Pemusnahan barang haram itu dilakukan setelah melalui serangkaian pengujian laboratorium serta verifikasi resmi dari Bidang Kedokteran dan Kesehatan (Bid Dokkes) Polda Jambi. Kegiatan berlangsung di hadapan perwakilan Kejaksaan Tinggi Jambi, Dinas Perindustrian dan Perdagangan Provinsi Jambi, serta kuasa hukum dari para tersangka, sebagai bentuk transparansi dan akuntabilitas penegakan hukum.

Direktur Reserse Narkoba Polda Jambi, Kombes Pol. Dewa Made Palguna, dalam keterangannya menjelaskan bahwa barang bukti tersebut disita dari tiga orang tersangka berinisial AR, B, dan AF, yang masing-masing memiliki peran berbeda dalam sindikat narkoba tersebut. Mulai dari pengendali atau bandar, kurir, hingga pengedar di lapangan.

“Ketiganya kami tangkap di wilayah Kumpeh, Kabupaten Muaro Jambi. Proses penyidikan terus kami kembangkan untuk mengungkap jaringan lebih luas di balik kasus ini,” terang Kombes Pol. Dewa Made.

Hasil penyelidikan awal mengungkap fakta mengejutkan: narkotika jenis sabu tersebut dibawa dari Provinsi Riau ke Jambi melalui jalur darat, menggunakan kendaraan roda empat. Para tersangka memanfaatkan jalur antarprovinsi yang sepi pengawasan untuk menyelundupkan barang haram itu masuk ke Jambi.

Mirisnya, sebagian dari barang bukti tersebut diduga sudah sempat beredar di tengah masyarakat. “Kami mendalami lebih lanjut karena ada indikasi kuat bahwa sebagian sabu sudah diedarkan. Target pasar utamanya memang wilayah Provinsi Jambi,” tambah Dewa Made.

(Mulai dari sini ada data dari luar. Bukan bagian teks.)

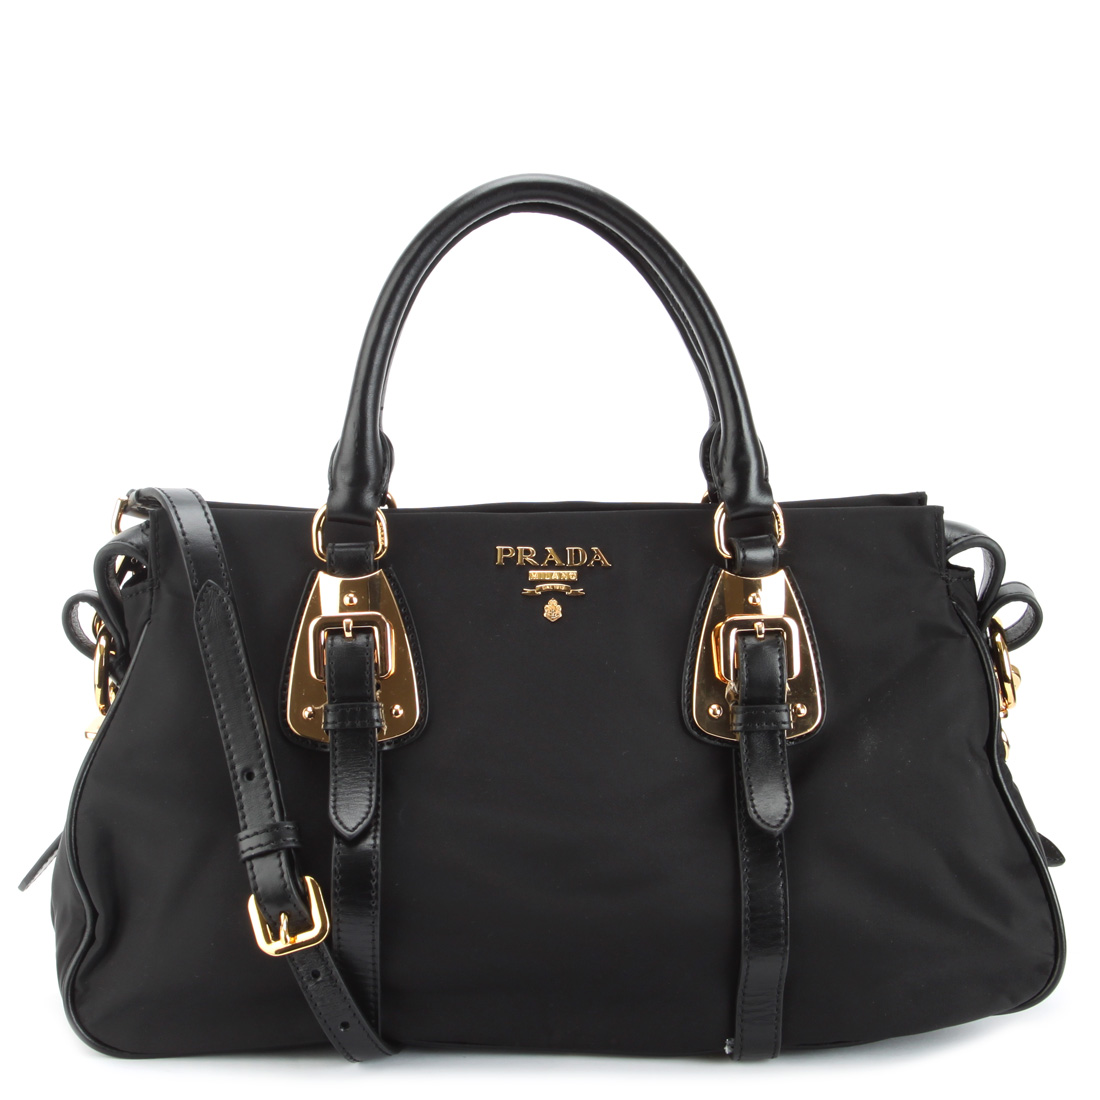 prada handbag retail price  1695 wholesale price  995 41 % off ...

Proses pemusnahan dilakukan dengan cara melarutkan sabu ke dalam dua tong besar yang telah berisi air bercampur deterjen, sehingga barang haram tersebut benar-benar tidak bisa digunakan kembali. Proses ini menjadi simbol keseriusan aparat dalam memutus rantai distribusi narkoba yang semakin mengkhawatirkan.

Polda Jambi menegaskan akan terus memburu pelaku lainnya yang diduga terlibat dalam jaringan ini. Upaya pengembangan kasus juga difokuskan pada penelusuran alur distribusi, pendanaan, serta kemungkinan adanya aktor-aktor besar di balik operasi peredaran narkoba tersebut.

“Kami tidak berhenti di penangkapan saja. Kami akan bongkar sampai ke akarnya, karena ini bukan hanya soal hukum, tapi soal masa depan generasi muda,” pungkas Kombes Dewa Made.